Comparing a our graph to the classical decomposition graph, shows similarities. The decomposition will expose the seasonality, trend, and remainder variables, which we can explore separately. All three variables show an increasing trend, just the original time series trend in A.
gas_tsibble = as_tsibble(gas_decomp)
gas_tsibble %>%
autoplot(season_adjust) + labs(title = "Seasonal Adjusted Data for Gas Production", y = "Gas Production in Petajoules")
gas2 = gas %>%
mutate( Gas = if_else(Quarter ==yearquarter("2009Q3"), Gas + 300, Gas)) %>%
model(
classical_decomposition(Gas, type = "multiplicative")
) %>%
components()
gas2tssible = as_tsibble(gas2)
gas2tssible%>%
autoplot(season_adjust) + labs(title = "Seasonal Adjusted Data for Gas Production in Quarter 3 of 2009 When 300 + ", y = "Gas Production in Petajoules")
It does make a difference when an outlier is added near the end rather than the middle of the time series, because it sticks out and it develops peak towards the end of the data. it make the data visually skewed, when 300 more petajoules of gas is added to quarter 3 in 2009. The outlier at the end make it difficult to understand any trend or pattern that will occur in the data, because the huge peak created has impact on how the data is interpreted.
Question 3.8 Recall your retail time series data (from Exercise 7 in Section 2.10).
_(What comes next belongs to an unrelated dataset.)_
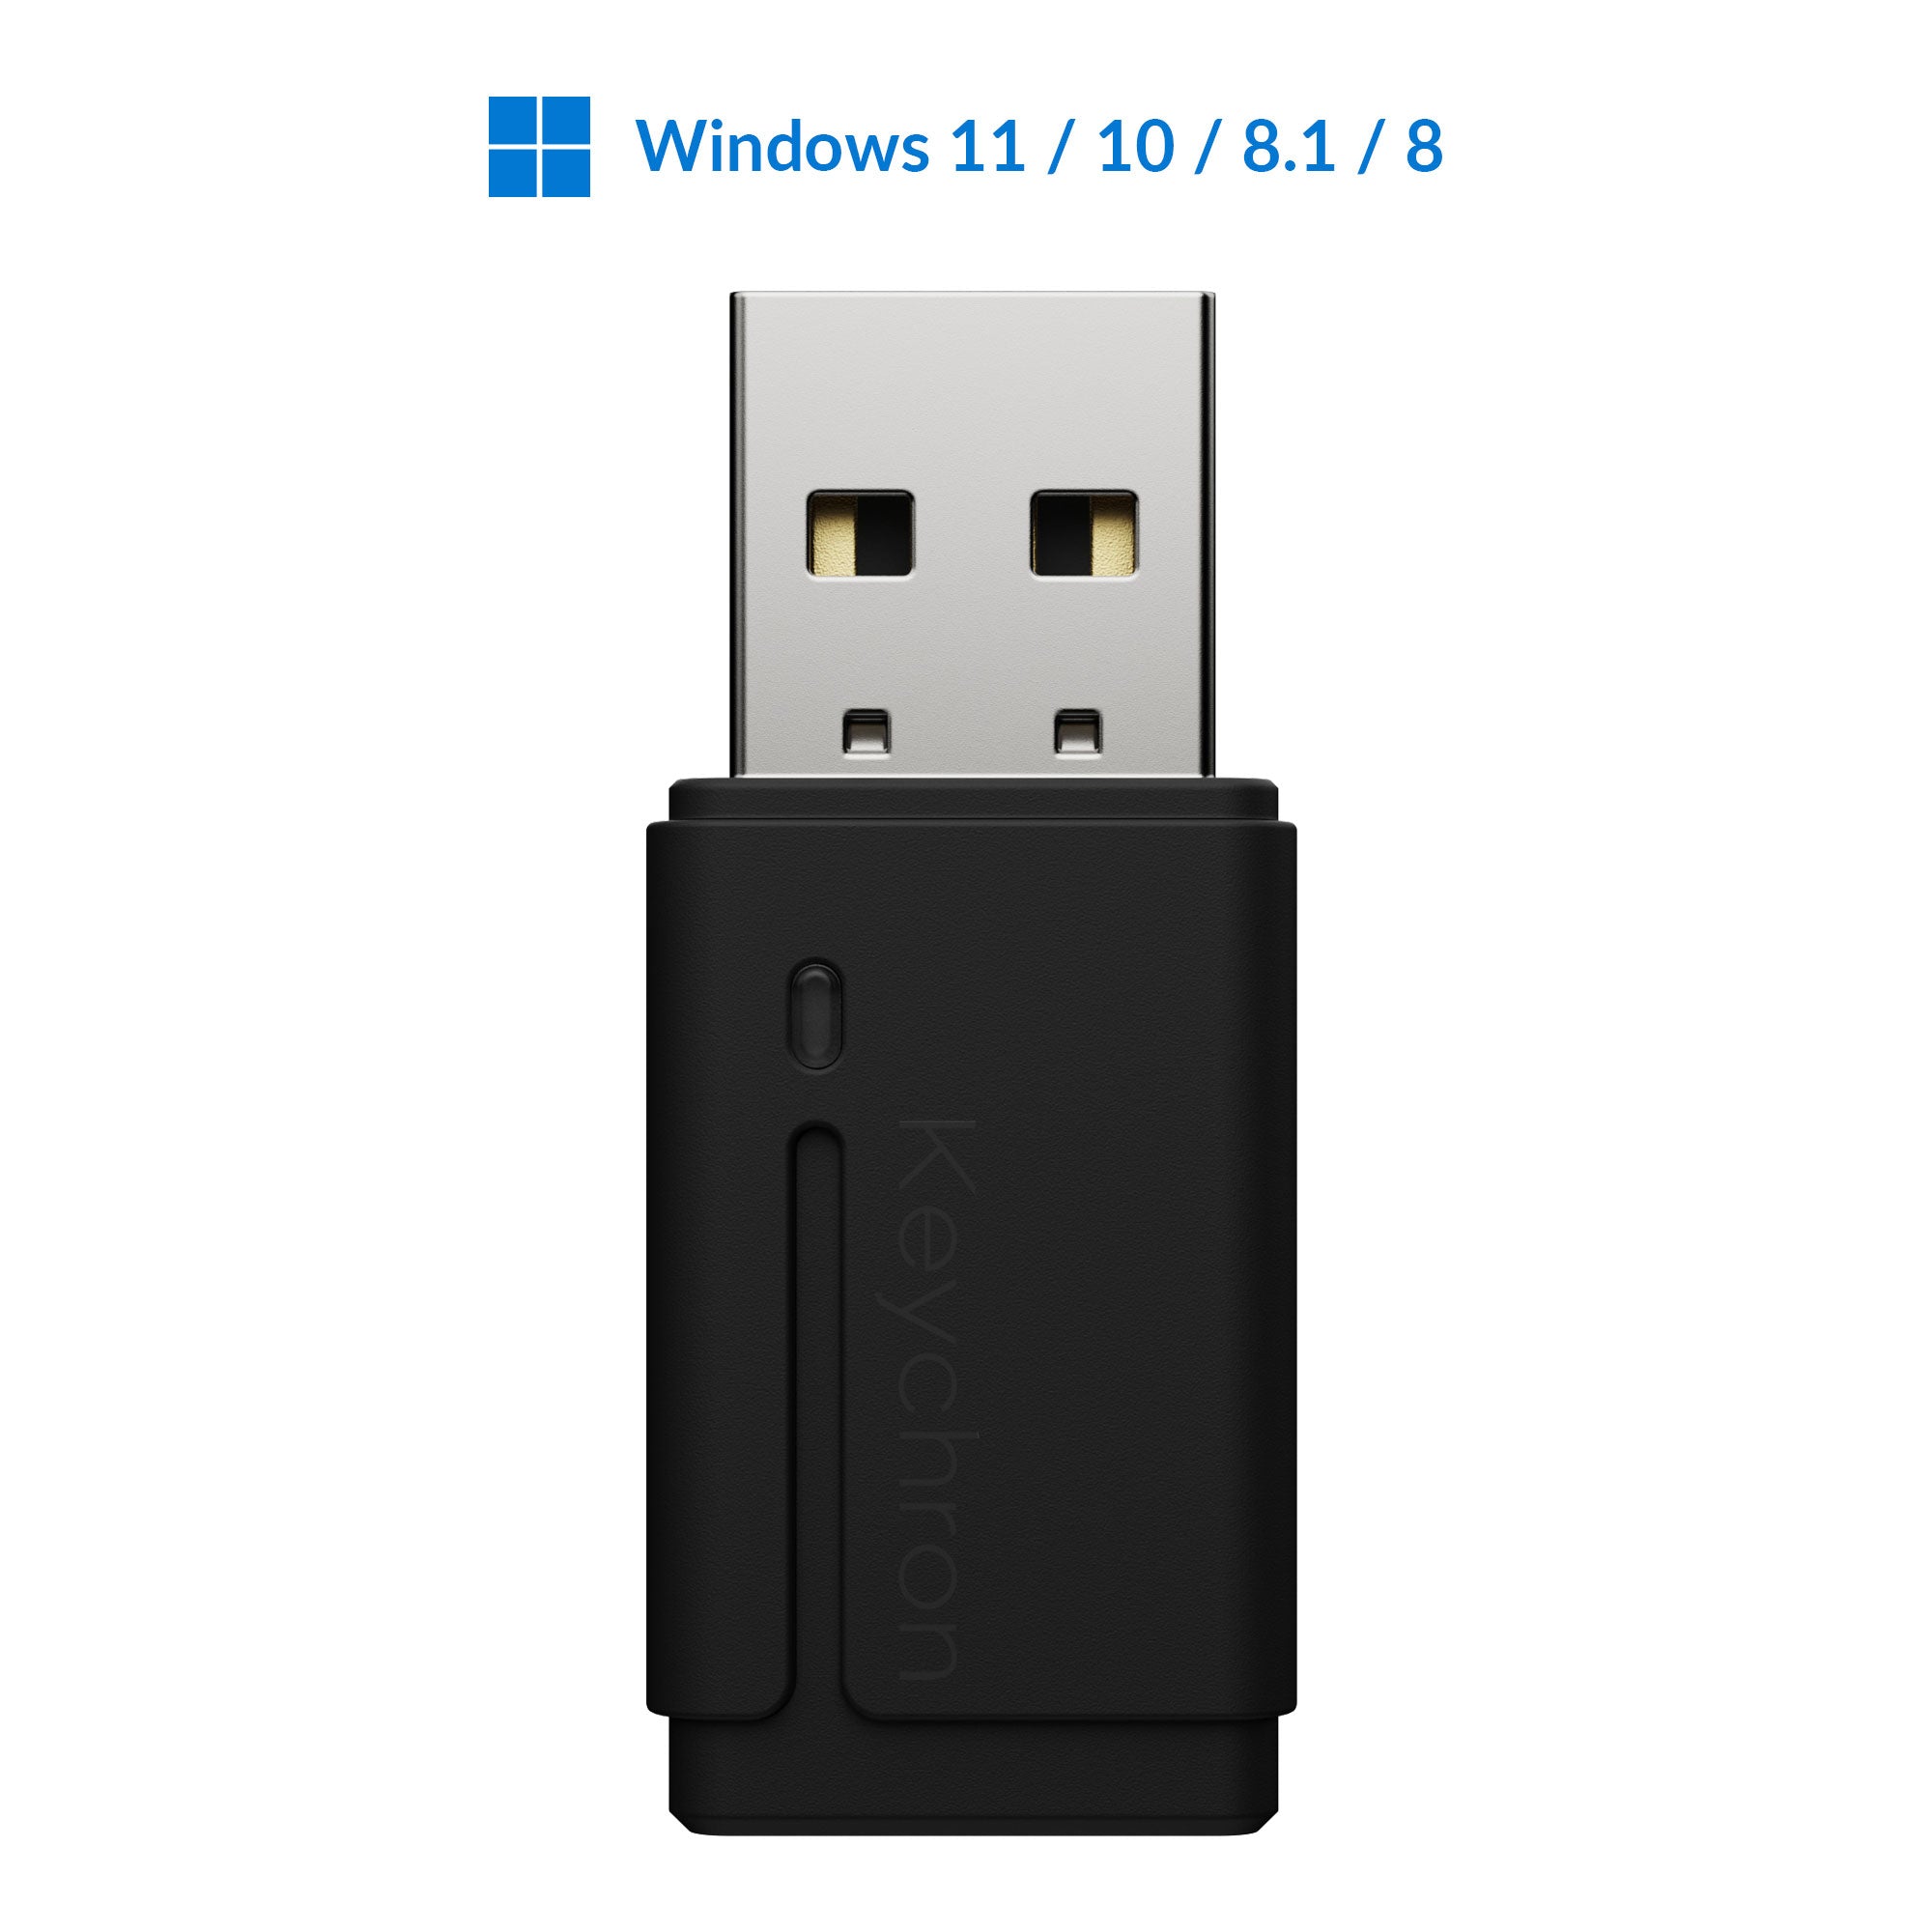 USB Bluetooth Adapter for Windows PC
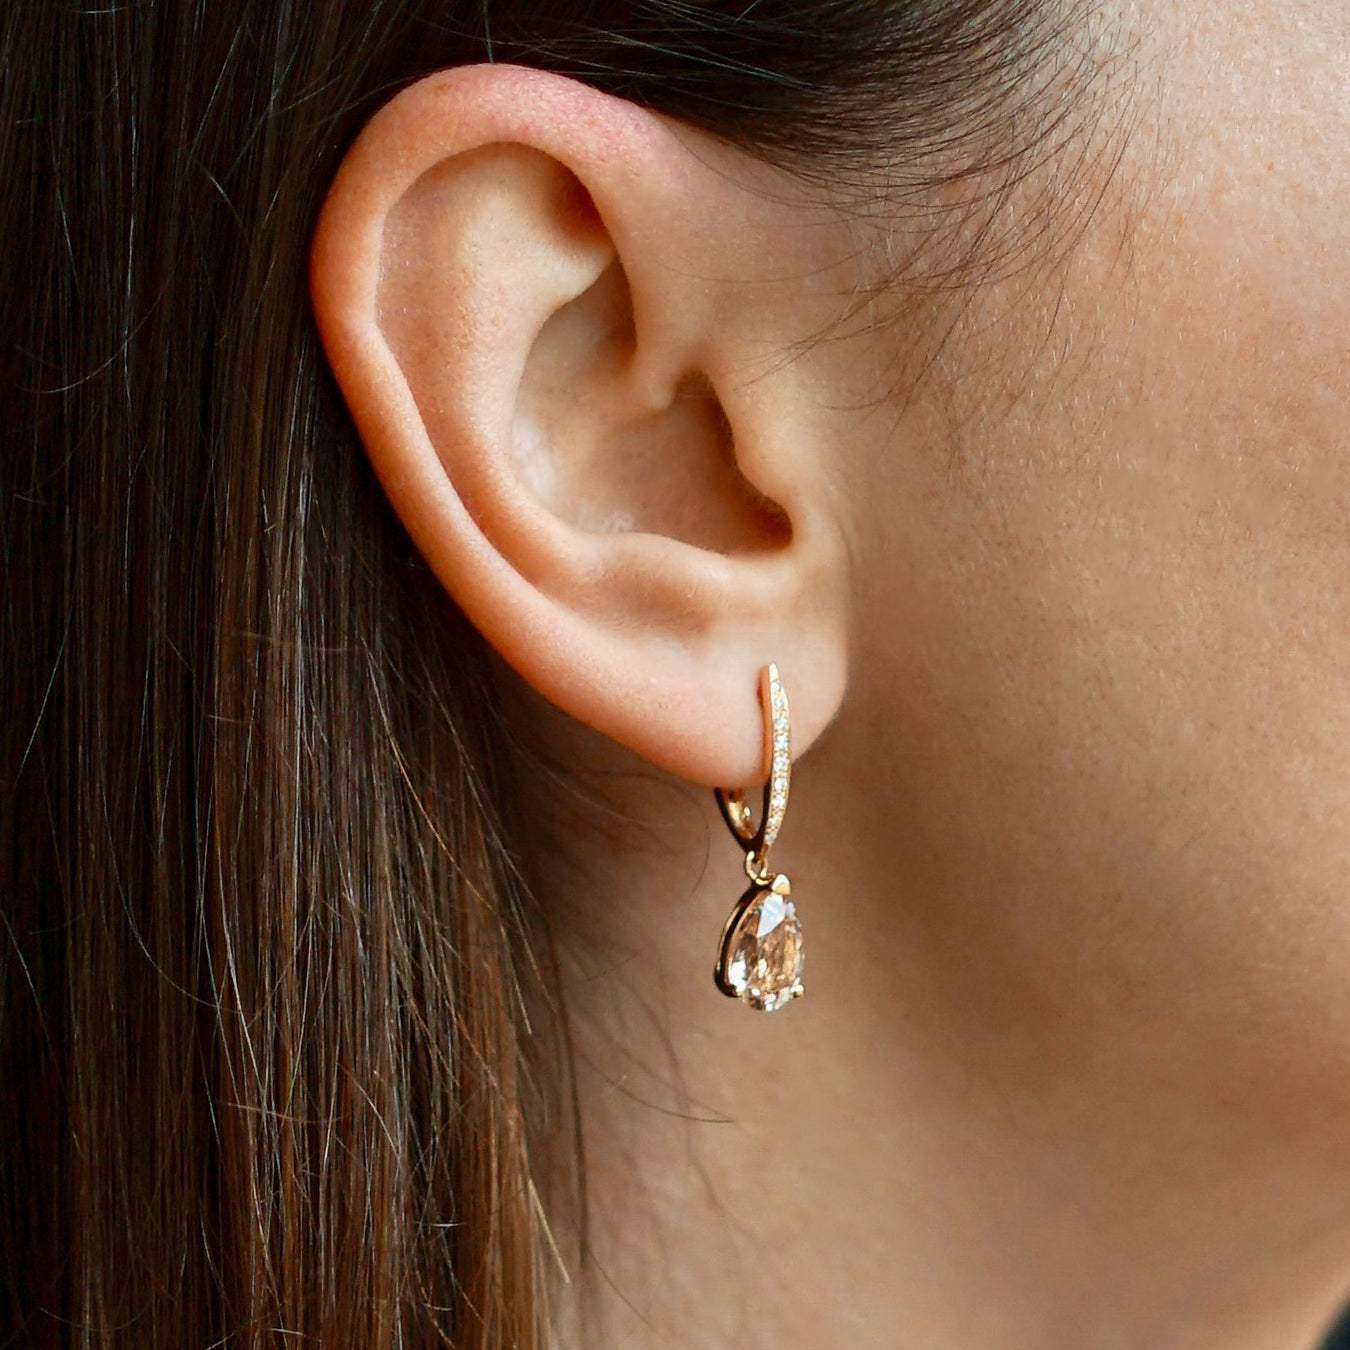 Morganite Earrings in Rose Gold

Decompose the series using X-11. Does it reveal any outliers, or unusual features that you had not noticed previously?
x11_dcmp <- myseries %>%
model(x11 = X_13ARIMA_SEATS(Turnover ~ x11())) %>%
components()
autoplot(x11_dcmp) +
labs(title =
"Decomposition of total US retail employment using X-11.")
X-11 model can allows us to observe the robust outlier drawn thorughout
the graph. Some unusual patterns are shown to occur in in the begining
and throughout of the 1990s and this pattern is observed again in the
end of 2000s. These fluctuations could be result of economic downsides
like recession from dot.com bubble in the 90s and housing crash in 2008.
These outlier highlight irregular trends in the employment data.
Question 3.9
Figures 3.19 and 3.20 show the result of decomposing the number of persons in the civilian labour force in Australia each month from February 1978 to August 1995.
In figure 3.19, we can observe a steady increase in the number of person in the civilian labor force from 1978 to 1995. There is noticeable in the beginning of the 1990s, due to some economic recessions. When we observe figure 3.20, there some strong seasonal fluctuation that occur in the Australian civilian labor force. The labor force hits its peak in two months March and December, due to hiring programs for holidays. In the remainder component the sharp decline in 1991 visualizes the impact of the 1991/1992 recession.
Is the recession of 1991/1992 visible in the estimated components?
The recession is clearly visible in the remainder component. This recession caused a decline the civilian labour force, and is detailed to have strong impacted the upwards trends of labour force growth.